Саша Коновалов
В угольной разведке на Черном озере работы было мало – если вспомнить золотые забои – и в свободные вечера, я, воскресший, рассказывал соседям по бараку разные истории «из жизни»: о народовольцах, о декабристах, об эсерах, Нечаеве, расшатавших царский трон.
В бараке жило человек шестьдесят. Здесь-то я и проводил свои устные анкеты о Пушкине, Некрасове, читал вслух «Ревизора» и «Евгения Онегина». Это было время, когда начальник района – района, в котором еще нет населения, а есть только штаты высшей администрации – был Виктор Николаевич Плуталов – первый и единственный инженер на этом начальниковом посту. Плуталов относился к чтениям либерально, главное внимание обращал на производство, на фронт работ – Плуталов сменил бывшего уполномоченного МВД Богданова, рвавшего письма заключенных и практиковавшего всяческие «выстойки» – каждый день сочинялись и читались приказы об укреплении дисциплины, о бдительности – до того дня, как выяснилось, что…
(не окончена запись)
Кадыкчан, Аркагала
Начали игру в чехарду, чтобы размяться, заводилой был [Корнеев], знакомый мой сибиряк из тех, что идут первыми в работе. На Аркагале он еще держался, но потом был переведен куда-то на прииск и умер. Но все это было потом, а пока Корнеев играл в чехарду. Я не играл, мне не хотелось уезжать из мест, где хорошо жилось. Везли нас на Аркагалу[347], на уголь, стало быть. Уголь – это не камень в золотом забое, это гораздо легче. Провожали нашу машину и увезли на Аркагалу, но на Аркагалу, на уголь, мы не попали. Этап был «повышенной упитанности», как пишут в лагерных актах приема людей, и нас выпросил у Аркагалы начальник, инженер Киселев на свой участок Кадыкчан, где шли работы по зарезке шахты. Здесь был единственный ворот для людей – кровавые мозоли, голод и побои. Вот чем встретил нас Кадыкчан. Худшие времена 38-го года, приисковые времена. О Киселеве я написал очерк «Киселев», стопроцентной документальности. До сих пор не понимаю, как из беспартийного инженера он мог превратиться в палача, в истязателя. Киселев бил ногами заключенных, вышибал им зубы сапогами. Заключенного Зельфугарова он на моих глазах повалил в снег и топтал, пока не вышиб половину челюсти. Причина? Слишком много говорил. И работа-то еще не начиналась в этот день.
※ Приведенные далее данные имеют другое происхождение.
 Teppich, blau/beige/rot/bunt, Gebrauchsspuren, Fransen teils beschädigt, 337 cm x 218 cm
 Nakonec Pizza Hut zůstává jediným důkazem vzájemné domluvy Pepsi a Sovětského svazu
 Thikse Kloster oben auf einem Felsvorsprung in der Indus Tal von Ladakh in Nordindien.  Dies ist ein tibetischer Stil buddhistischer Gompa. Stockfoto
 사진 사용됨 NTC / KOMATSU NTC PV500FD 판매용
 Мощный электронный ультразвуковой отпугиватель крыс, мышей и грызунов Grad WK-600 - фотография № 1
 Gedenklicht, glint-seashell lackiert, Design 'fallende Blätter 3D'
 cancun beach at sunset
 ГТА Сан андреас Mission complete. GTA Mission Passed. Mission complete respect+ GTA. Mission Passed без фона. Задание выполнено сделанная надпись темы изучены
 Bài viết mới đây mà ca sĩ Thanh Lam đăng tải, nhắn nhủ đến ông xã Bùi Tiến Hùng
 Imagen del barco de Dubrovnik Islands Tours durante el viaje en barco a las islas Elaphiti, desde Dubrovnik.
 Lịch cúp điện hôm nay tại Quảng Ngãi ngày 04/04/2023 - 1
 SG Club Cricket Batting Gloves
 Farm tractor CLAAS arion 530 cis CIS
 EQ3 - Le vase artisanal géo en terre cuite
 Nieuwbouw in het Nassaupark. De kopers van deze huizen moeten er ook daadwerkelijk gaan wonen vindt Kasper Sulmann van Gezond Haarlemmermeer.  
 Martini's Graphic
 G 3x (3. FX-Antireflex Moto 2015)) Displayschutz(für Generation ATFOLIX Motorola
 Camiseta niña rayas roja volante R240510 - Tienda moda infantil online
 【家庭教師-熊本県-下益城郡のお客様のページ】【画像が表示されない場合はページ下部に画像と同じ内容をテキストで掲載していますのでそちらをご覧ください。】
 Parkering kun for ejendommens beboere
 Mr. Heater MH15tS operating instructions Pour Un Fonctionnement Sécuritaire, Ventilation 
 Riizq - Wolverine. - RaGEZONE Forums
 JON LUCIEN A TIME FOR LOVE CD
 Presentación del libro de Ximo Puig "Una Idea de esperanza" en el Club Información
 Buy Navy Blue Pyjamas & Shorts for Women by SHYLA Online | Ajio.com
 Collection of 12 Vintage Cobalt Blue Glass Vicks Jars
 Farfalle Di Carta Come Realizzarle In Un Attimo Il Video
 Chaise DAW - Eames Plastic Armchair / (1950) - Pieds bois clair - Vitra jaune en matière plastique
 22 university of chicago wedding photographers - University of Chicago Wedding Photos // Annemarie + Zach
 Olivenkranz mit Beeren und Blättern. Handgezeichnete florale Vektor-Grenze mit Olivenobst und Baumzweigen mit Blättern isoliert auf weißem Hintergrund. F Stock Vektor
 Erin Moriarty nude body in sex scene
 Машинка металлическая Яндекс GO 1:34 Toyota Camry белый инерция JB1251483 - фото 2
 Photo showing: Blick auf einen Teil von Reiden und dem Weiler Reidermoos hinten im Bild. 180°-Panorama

Барак был палаткой, знакомой армейской палаткой, где политические дрожали у печек, которые здесь, в отличие от прииска, топили углем и – без ограничений. Правда, ограничения были вскоре Киселевым введены – у шахтеров, идущих с работы, конвой стал отбирать уголь, но справиться с таким крайне не просто.
Все черноозерцы потрясены, угнетены знакомством с новым начальником, который поставил проблему слишком серьезную, требующую быстрого решения. В 38-м году всех постреляли, поубивали бы прямо в забое. Но здесь, вроде, не слышно было о массовых расстрелах, расстрельных приговорах.
– Выход один, – сказал я в бараке вечером, – в присутствии высокого начальства дать Киселеву по морде просто рукой. Дадут срок, но за беспартийную суку больше года-двух не дадут. А что такое год-два в нашем <положении>? Зато пощечина прогремит по всей Колыме, и Киселева уберут, переведут от нас.
Разговор этот был поздно ночью. На следующий день после развода меня вызвал Киселев.
– Слушаюсь, гражданин начальник.
– Так ты говоришь, прогремит на всю Колыму?
– Гражданин начальник, вам уже доложили?
– Мне все докладывают. Иди и помни, теперь я с тебя глаз не спущу, но пеняй на себя.
Доложил ему это все горный инженер Вронский, с которым у меня случались ссоры, Вронский был в нашем аркагалинском этапе.